Тайна «Libri di Luca»

22
18
20
22
24
26
28
30

С детства он помнил, что в букинистический магазин действительно часто заглядывали постоянные покупатели, однако он и подумать не мог, что их, оказывается, такое количество и что к тому же все они сочтут своим долгом присутствовать на похоронах. Те из завсегдатаев, которые запомнились ему лучше всего, были по большей части странными существами — жалкого вида чудаки, предпочитавшие тратить свои скудные гроши не на необходимые им еду и одежду, а на книги и каталоги. Они могли часами бродить по магазину, так в итоге ничего и не купив, и часто являлись снова на следующий день или через день и придирчиво осматривали те же самые стеллажи и полки, что и в предыдущий раз. Создавалось впечатление, что они внимательно контролируют степень зрелости плодов-книг и ждут того момента, когда те окончательно будут готовы и их наконец можно будет снимать.

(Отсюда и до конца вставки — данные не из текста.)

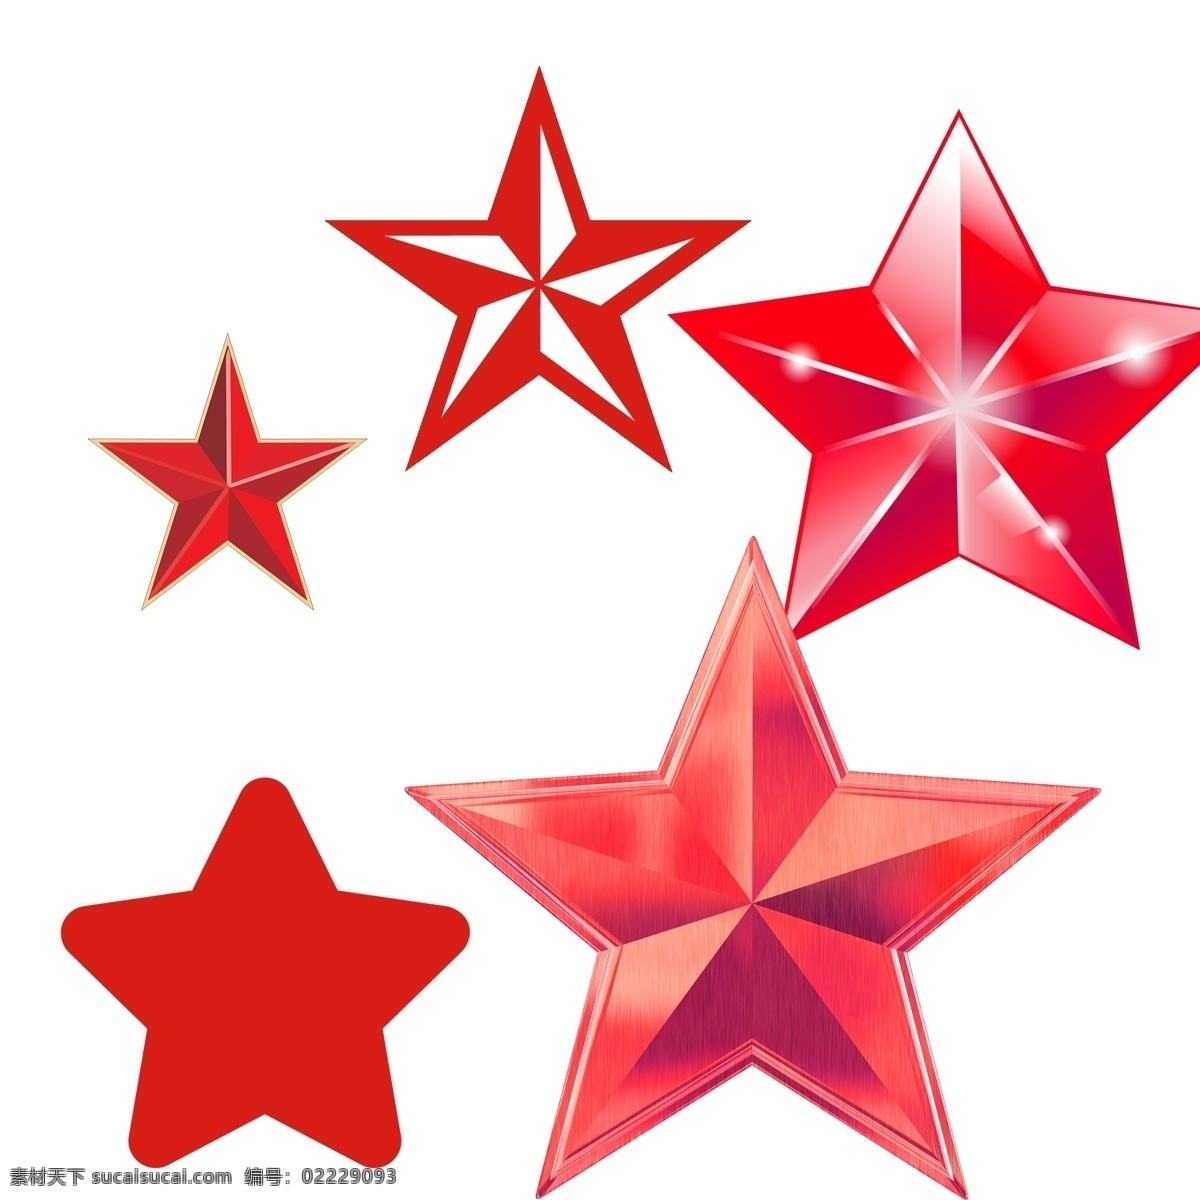 五角星星 六角星星 八角星星 扁平化图标 星星简笔画 星星元素 星星logo 星星设计 五角星图标 儿童星星 卡通星星 手绘星星 星星素描 星星矢量

В часовне появился священник в украшенном узорным шитьем одеянии; он занял свое место на кафедре по другую сторону гроба. Шепот в зале прекратился, и церемония началась. Священник несколько раз взмахнул дымящимся кадилом, и все собравшиеся почувствовали легкий аромат курящихся благовоний. Затем послышался неторопливый голос падре, эхом отдававшийся под сводами часовни; зазвучали такие слова, как «приют», «отдушина», фразы о сопричастности, о щедрости, с которой покойный даровал ближним сопереживания, о вечных жизненных ценностях, коими являются искусство и литература.

— Лука всегда являлся гарантом этих ценностей, — говорил священник. — Он сполна дарил всем окружавшим его свое тепло, знания, гостеприимство.

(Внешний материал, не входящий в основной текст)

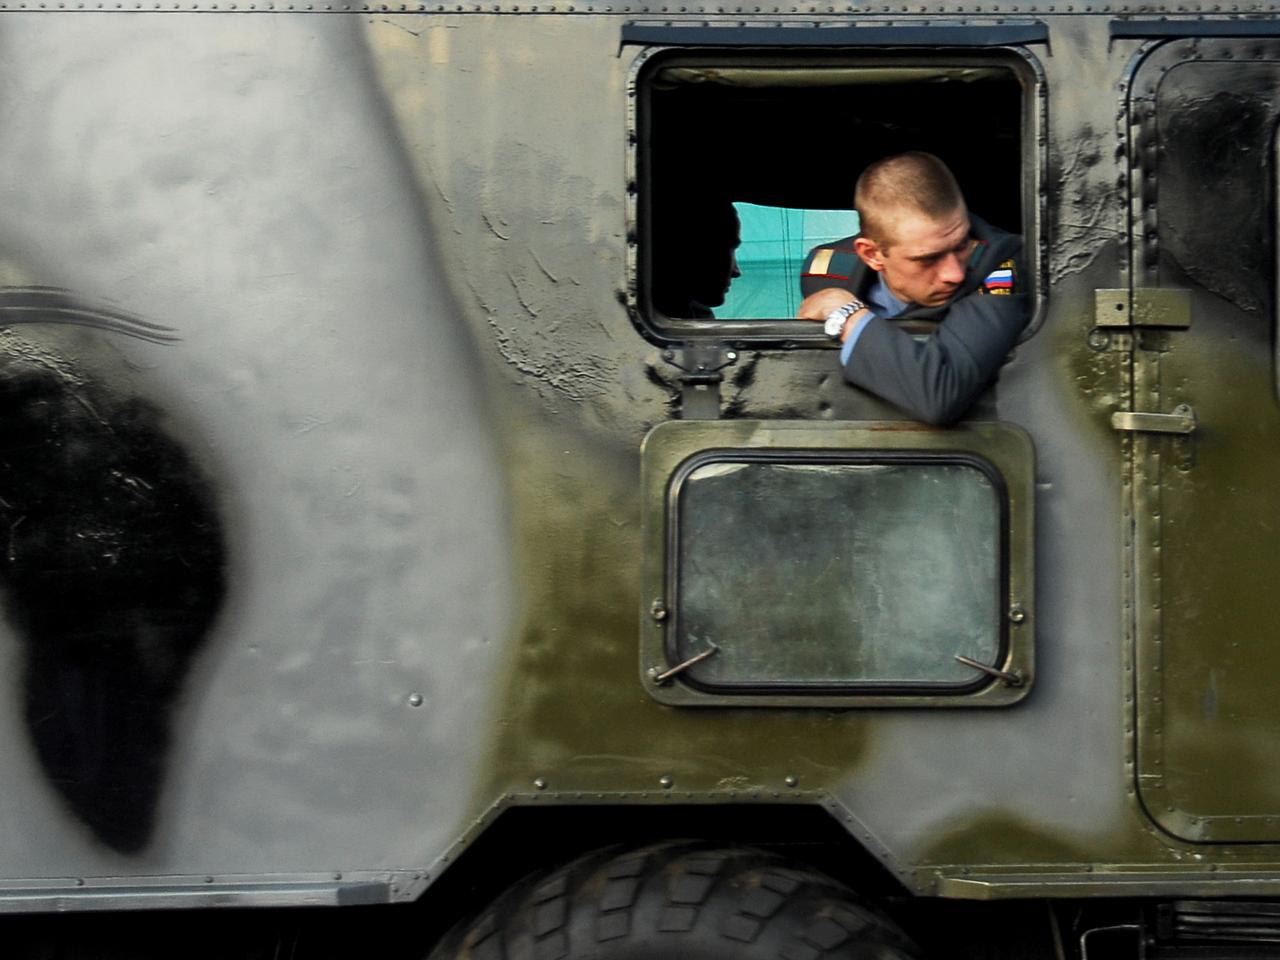 Rosyjski żołnierz zastrzelił taksówkarza z Rostowa nad Donem. Pokłócili się o Ukrainę

Йон смотрел прямо перед собой; за спиной у него кто-то сочувственно кивал, слышны были сдавленные всхлипывания, — чувствовалось, что большинство собравшихся едва сдерживают слезы. Его собственные глаза, однако, оставались сухими. Ему внезапно вспомнились иные похороны, где все было по-другому. Тогда его, плачущего десятилетнего мальчика, вывели из церкви, и какая-то дальняя родственница пыталась утешить его снаружи на пронзительном зимнем ветру. То были похороны его матери. Она умерла в совсем молодом возрасте, слишком рано, как говорили тогда все, и на вопрос, почему она умерла, он получил ответ лишь годы спустя. При этом ему даже не объяснили причину смерти, а просто констатировали грубый сухой факт: мать Йона, Марианна, покончила жизнь самоубийством, выбросившись из окна шестого этажа. Неизвестно, была ли виной тому испытываемая им горечь утраты или же уличный холод, однако как бы там ни было, но тогда от горьких, душераздирающих рыданий у него с такой силой перехватило дыхание, что сердце едва не остановилось. Йон так и не сумел забыть, как пытался вздохнуть и не мог сделать ни глотка воздуха. С тех пор он не был ни на одних похоронах.

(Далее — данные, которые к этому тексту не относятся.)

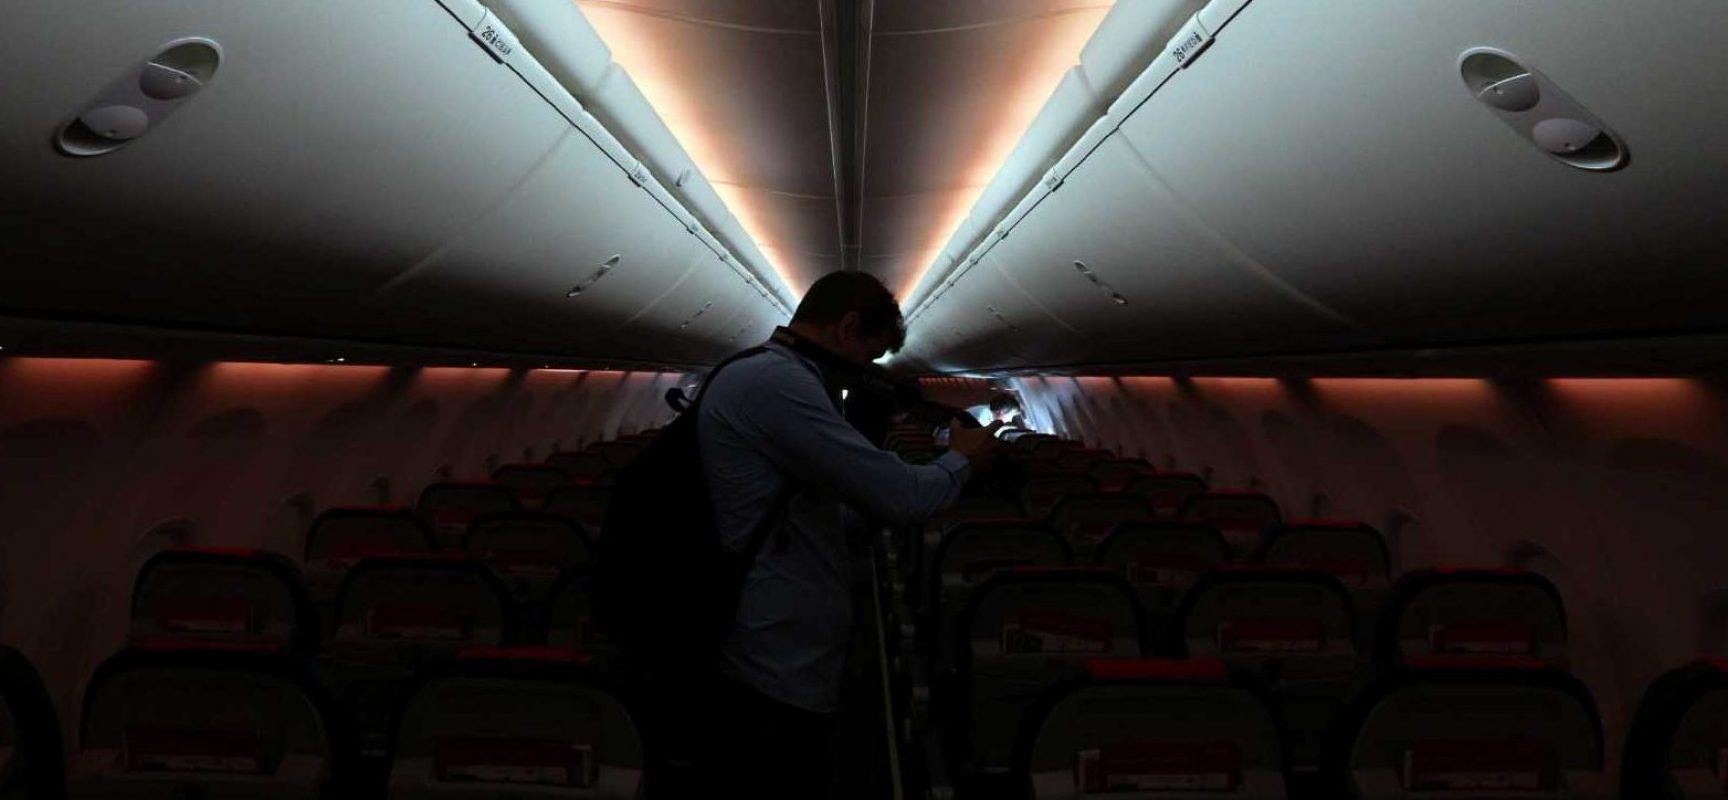 Companhias aéreas estrangeiras de baixo custo começam a entrar no país

После того как вслед за священником присутствующие пропели несколько подходящих к случаю псалмов, слово было предоставлено Иверсену. Верный друг и многолетний сотрудник Луки достал из-под своего стула стопку книг и поднялся. Ступая прямо по устилавшим пол венкам, он прошел к кафедре, на которую и водрузил свои книги с громким стуком, ибо чуть ли не уронил их с высоты в несколько сантиметров. Кое у кого это вызвало улыбки и немного разрядило напряжение, царившее в зале после исполнения торжественных псалмов.

Речь Иверсена была прощальным приветом человеку, в обществе которого прошли последние сорок лет его жизни. Он пытался бодриться, вспоминал различного рода забавные случаи, происходившие с ними за долгие годы дружбы, зачитывал целые абзацы из книг, которые захватил с собой. Точь-в-точь так же, как когда-то в далеком детстве Йона, Иверсен для начала проникновенно прочел отрывок из любимого произведения Луки, «Божественной комедии», что сразу же позволило ему безраздельно завладеть вниманием всех присутствующих в зале. Затем он стал читать выдержки из произведений других классиков мировой литературы, которые, похоже, все здесь знали чуть ли не наизусть. Йон, хоть и не был знаком с большинством из этих шедевров, был настолько увлечен вдохновенной манерой чтения Иверсена, что перед его внутренним взором внезапно стали разворачиваться живые красочные полотна — совсем как тогда, когда он, сидя на коленях у Иверсена, устроившегося в кожаном кресле в углу «Libri di Luca», слушал, как тот читает ему истории о ковбоях, рыцарях и космических пилотах. Стоило ему прикрыть глаза, он как будто ощущал запах пыли множества старых книг, слышал ту особую тишину, которую не услышишь нигде, кроме как в тесном пространстве между полками и стеллажами, уставленными древними фолиантами.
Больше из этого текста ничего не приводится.